Steven Weinberg referred to it as one of the *potential* solutions, not a present solution. It does provide more useful results with large coupling than with small coupling but the hope is we can find better mathematical approaches to using it than we currently have.
On arxiv.org... I got lost on the Chiral symmetry breaking. However, they did mention the thing I thought of on my own, which was that putting things on a lattice just means that you are localizing the problem to the smallest lattice step. And as that step goes to zero you have issues computationally, since now any finite volume of analysis will require infinite steps. So I really don't see the hope in this approach either.
originally posted by: KrzYma
BTW.. you know nothing about me and the EM theory
originally posted by: delbertlarson
a reply to: joelr
Thanks joelr for joining the discussion. Perhaps you can further enlighten me on some of the thinking behind QED.
If we have a point-like electron with charge e, it will have an infinite, positive, self energy from that charge by the classical arguments. If we now let e run to infinity that would naively appear (at least to me) that we have infinity squared, not a cancellation. How does QED refute that logic?
And further, is QED saying we now have negative infinite energies in order to cancel out the positive ones? For pre-QED physics, total energy is always a positive quantity in any physical system I know of.

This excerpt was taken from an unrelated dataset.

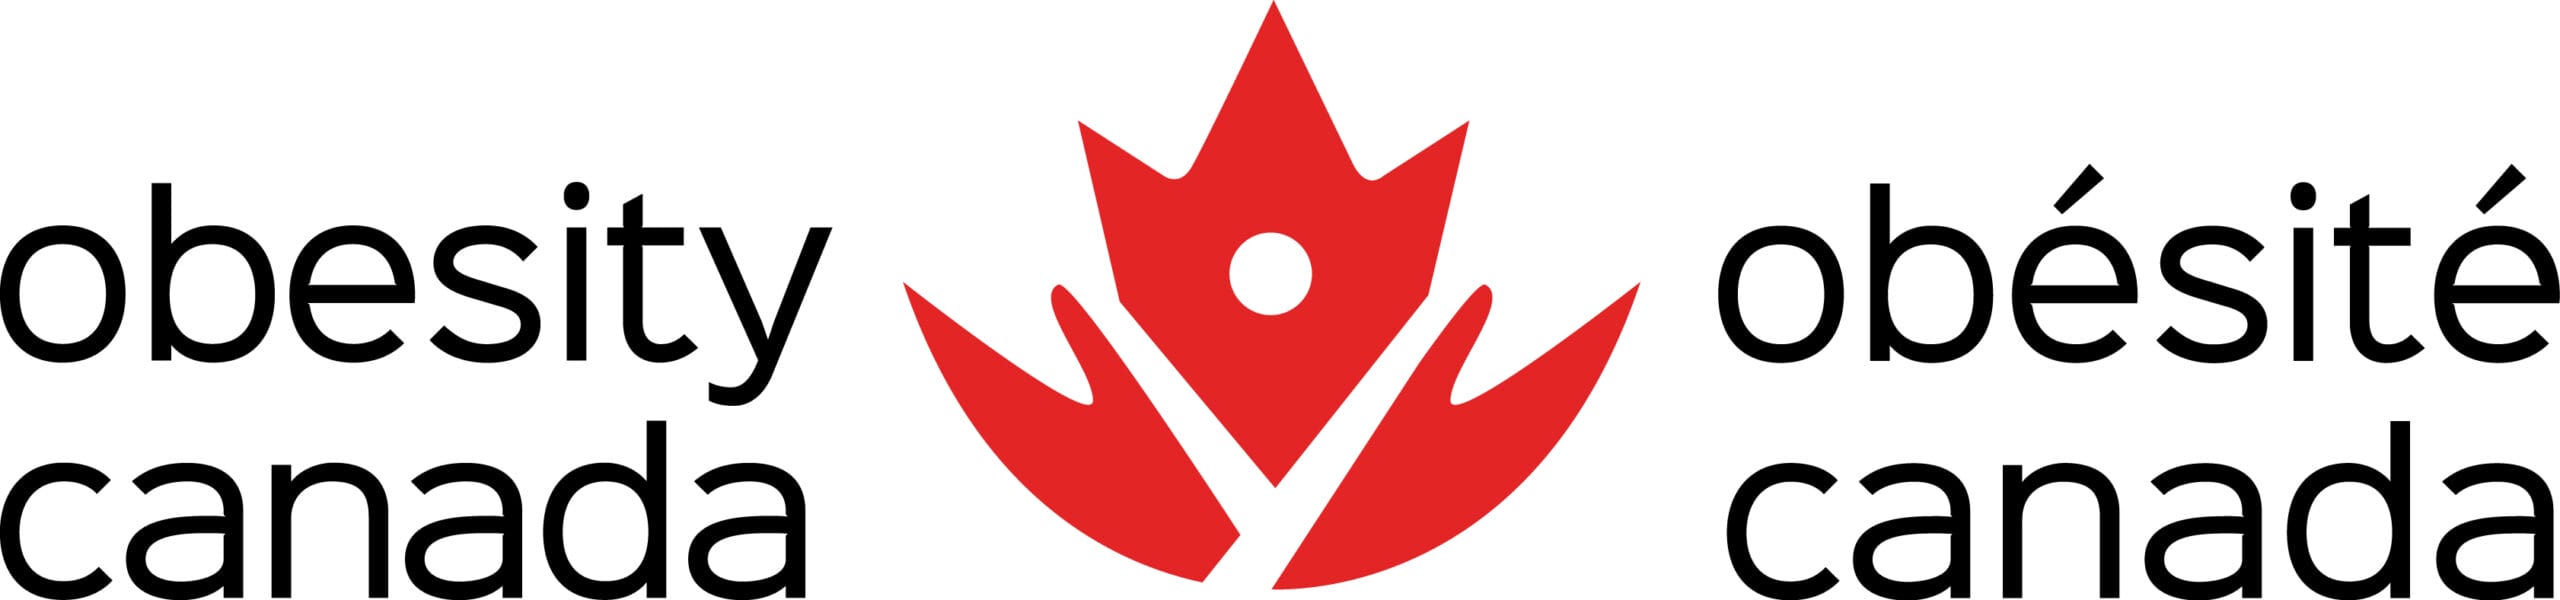 Logo of obesity canada featuring the word "obesity" in english and "obésité" in french with a stylized red maple leaf and human figure above the text.

Of course, in bound states the total energy is less than the total energy of the constituents, but I don't obviously see what is bound here if we are considering a single particle.
I have heard that QED is the most accurate theory ever. My question really is what experiments prove that, and how many free parameters are being determined as a result of those experiments. I believe the claim comes from truly impressive work, both theoretically and experimentally, on g-2 experiments. I understand that such experiments and theory agree to many, many decimal places. But if the bare mass is set via renormalization through these experiments, then these experiments are really just extremely accurate determinations of the physical bare mass constants. That is still excellent and important science, but it doesn't address my question. And charge gets set via renormalization too. So that should allow a perfect match to the Lamb shift through a determination of bare charge, once the bare masses were calculated by g-2. So next we get to high energy scattering and possibly decay processes, and I don't believe we get all that many 9's of accuracy in those measurements. The scattering measurements will require excellent knowledge of energies and momenta both before and after the events, while the decay processes rely on assumptions of internal structure. So that is what I meant by the question.
Also I think that "the most accurate theory ever" claim comes with at least a tinge of hype. F = dp/dt is still considered exact as far as I am aware, so I don't think QED passes F = dp/dt for accuracy. Of course what happens is that F = dp/dt is used to determine what F, p and t are in some situations. And that gets back to my point. It seems to me that some (maybe most?) of the claimed accuracy of QED comes from the fact that it Is used to determine what the bare m's and q's are.